Residence

Residence servers treat land as property. You claim an area, give it a name, and control what happens inside it. That shifts survival away from hiding bases and toward building in the open: streets, shops, and shared builds make sense when your walls are not the only security you have.

The loop is claim, expand, and manage access. A residence might be a starter plot, a farm footprint, or a town district split into smaller sub-areas for different rules. Permissions drive the gameplay: you can let friends build but not touch storage, allow visitors to use a shop while blocking redstone, or keep destructive mechanics out while the wilderness stays risky.

Because ownership is explicit, communities organize around neighborhoods. Players rent plots, run market streets, and invest in public infrastructure with confidence that it will not be stripped overnight. The economy benefits from reliable storefronts and protected storage, so trading becomes a primary form of competition and progression.

Protection does not remove pressure, it redirects it. Claim size is usually limited by money, playtime, or an allowance, so space becomes something you plan for and earn. Good Residence servers make claims feel like a social tool: you negotiate borders, build public-facing projects, and set rules that invite interaction instead of shutting the world out.

What does Residence protection usually prevent?
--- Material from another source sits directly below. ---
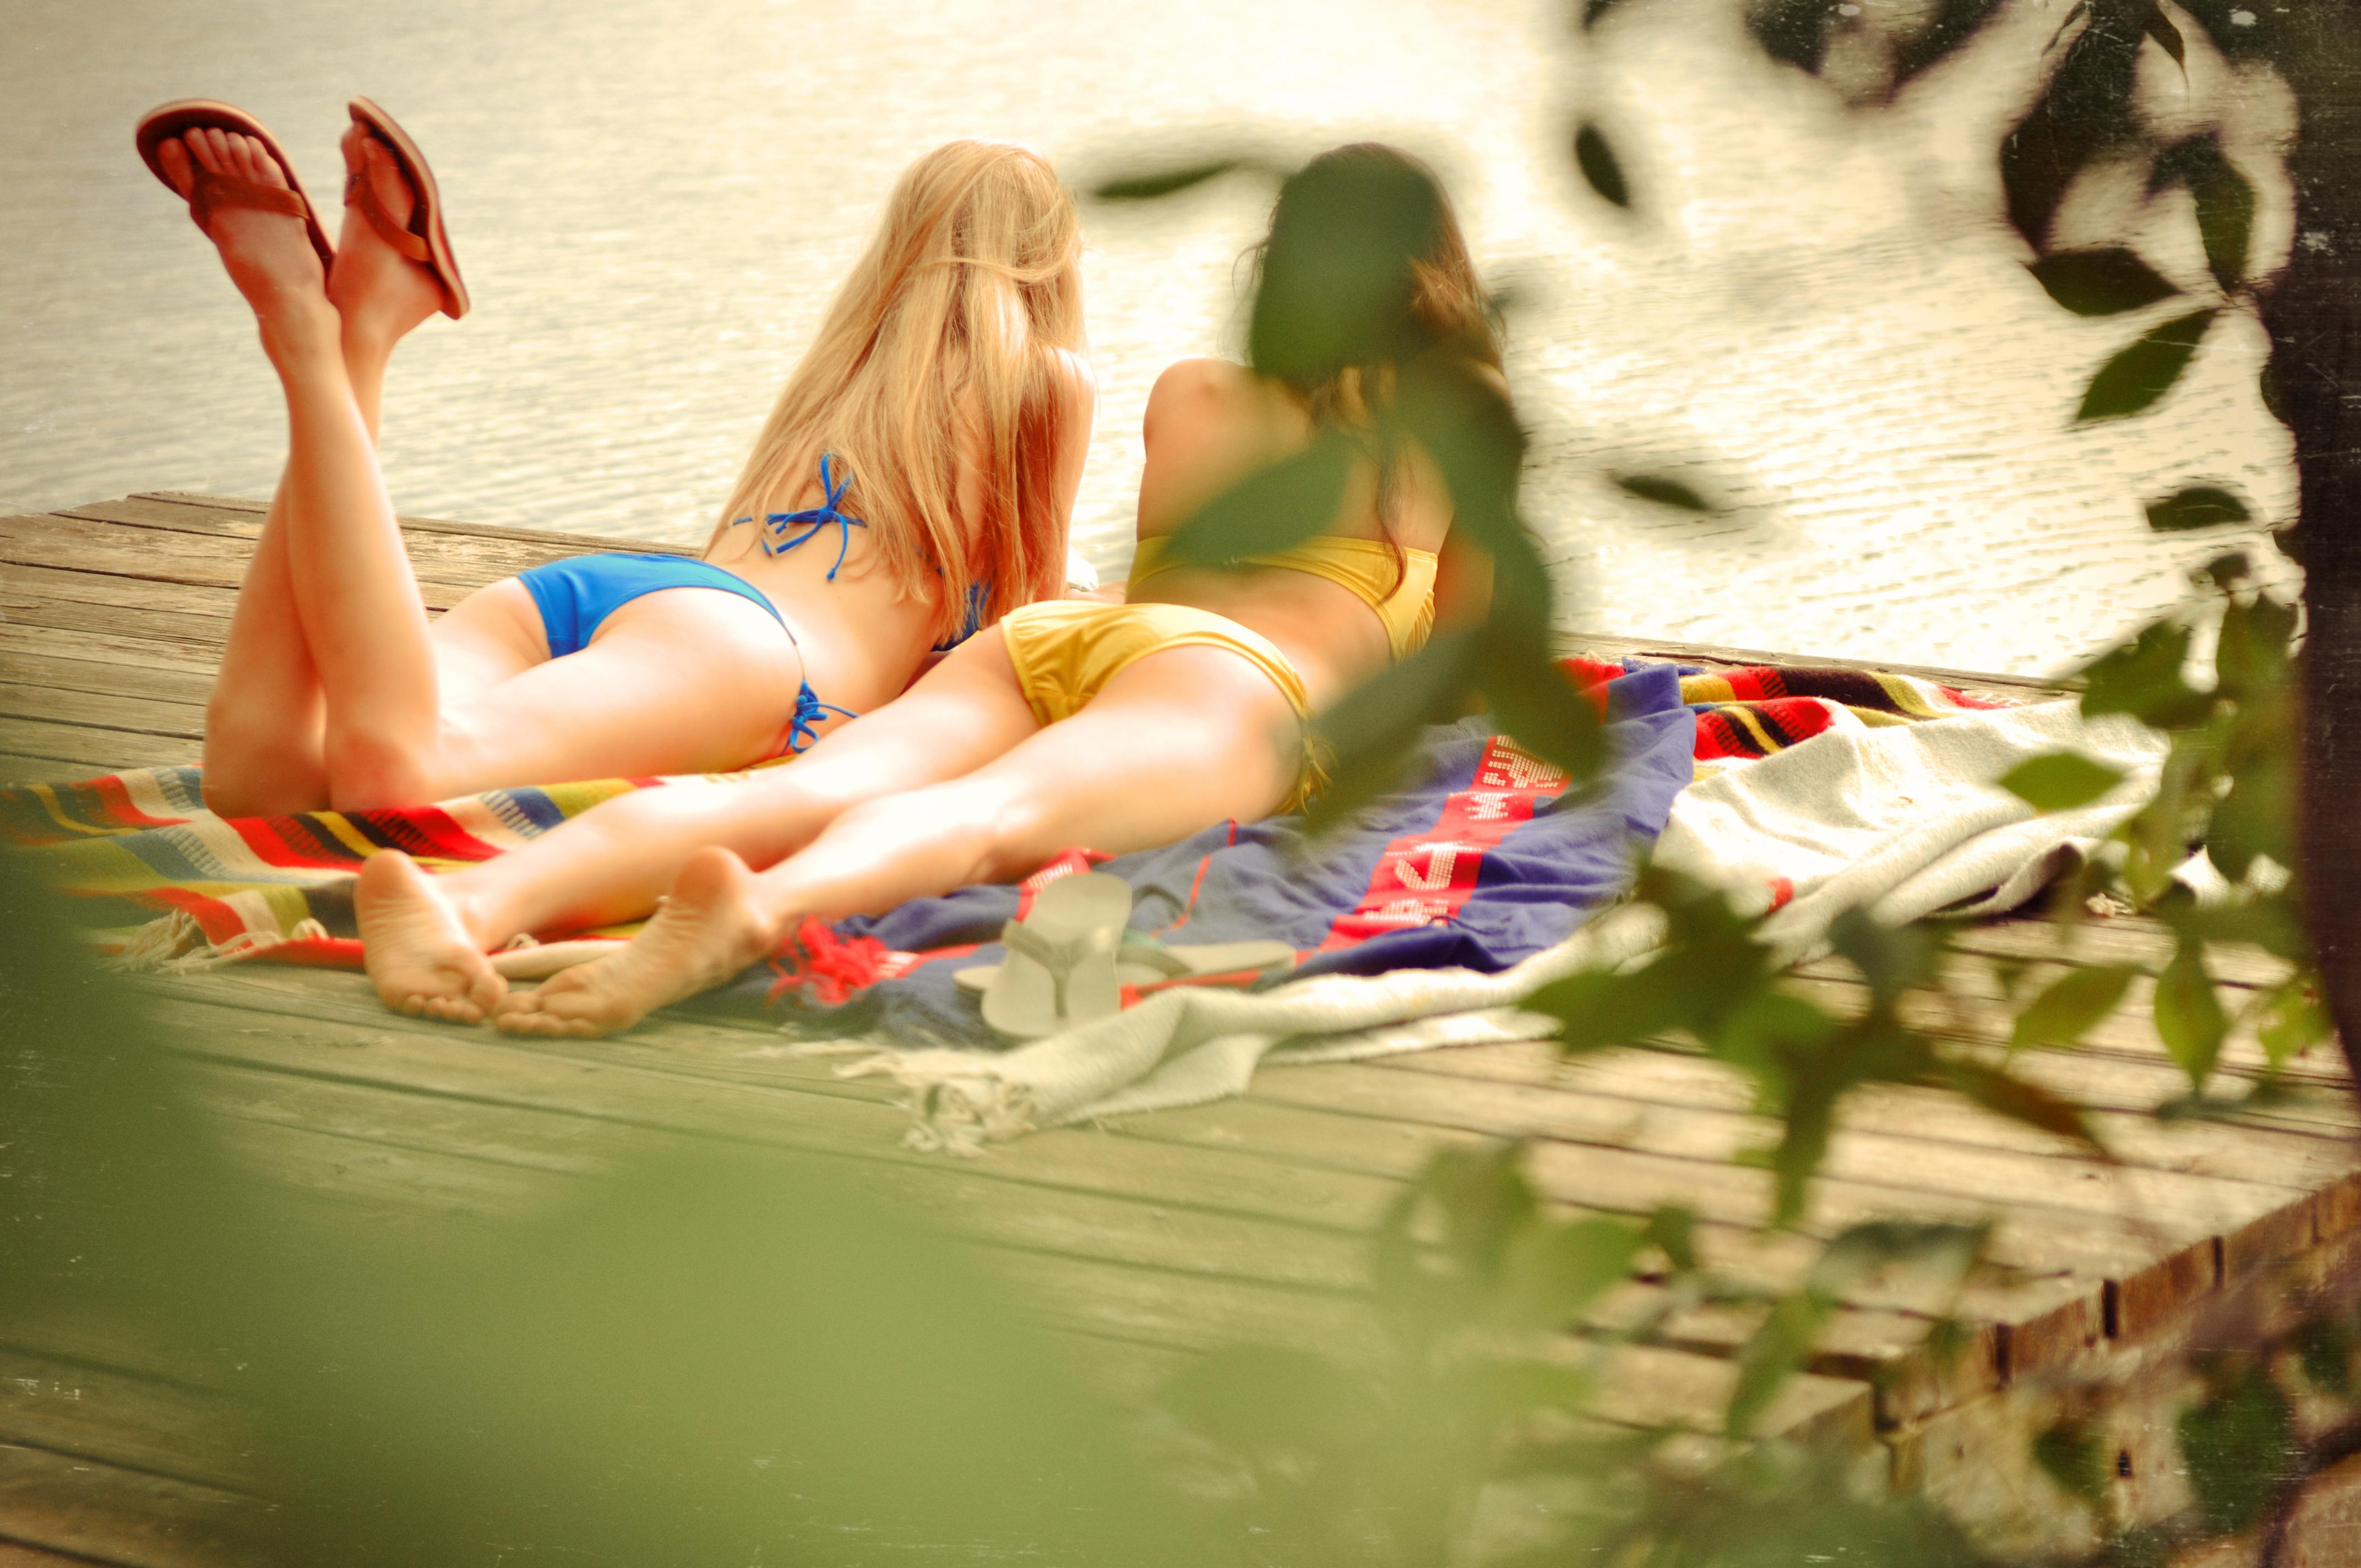 girls in flip flops

Most servers use it to stop common grief actions inside your claimed area: breaking and placing blocks, accessing chests, using doors and buttons, and interacting with redstone. Many also tie settings like PvP, mob damage, fire spread, and explosions to per-residence permissions, but the exact list is server-specific.

Can I share a build without giving someone full access to everything?

Yes. Residence is built around partial trust. You can grant specific players or groups only the permissions you intend, such as building rights without container access, or shop access without allowing them into storage and redstone areas.

How is this different from simple claims or spawn protection?

Spawn protection is a fixed safe zone, and many basic claim systems boil down to build or no build. Residence-style servers lean into named properties with detailed flags and the ability to subdivide space, which supports towns, rentals, public venues, and mixed-use bases with different rules in different rooms.

Do Residence servers still have PvP and conflict?

Often, but it is usually structured. Bases and shops are typically protected, while PvP and higher-risk play happens in the wilderness, arenas, events, or dedicated zones. The result is less home-raiding and more competition through economy, territory planning, and organized fights.

Is this a good format for running public shops or community builds?

Yes. You can allow movement and customer interaction while keeping storage, staff areas, and machinery locked down. That balance is why Residence-based survival tends to produce market districts, towns, and public projects that stay maintained over time.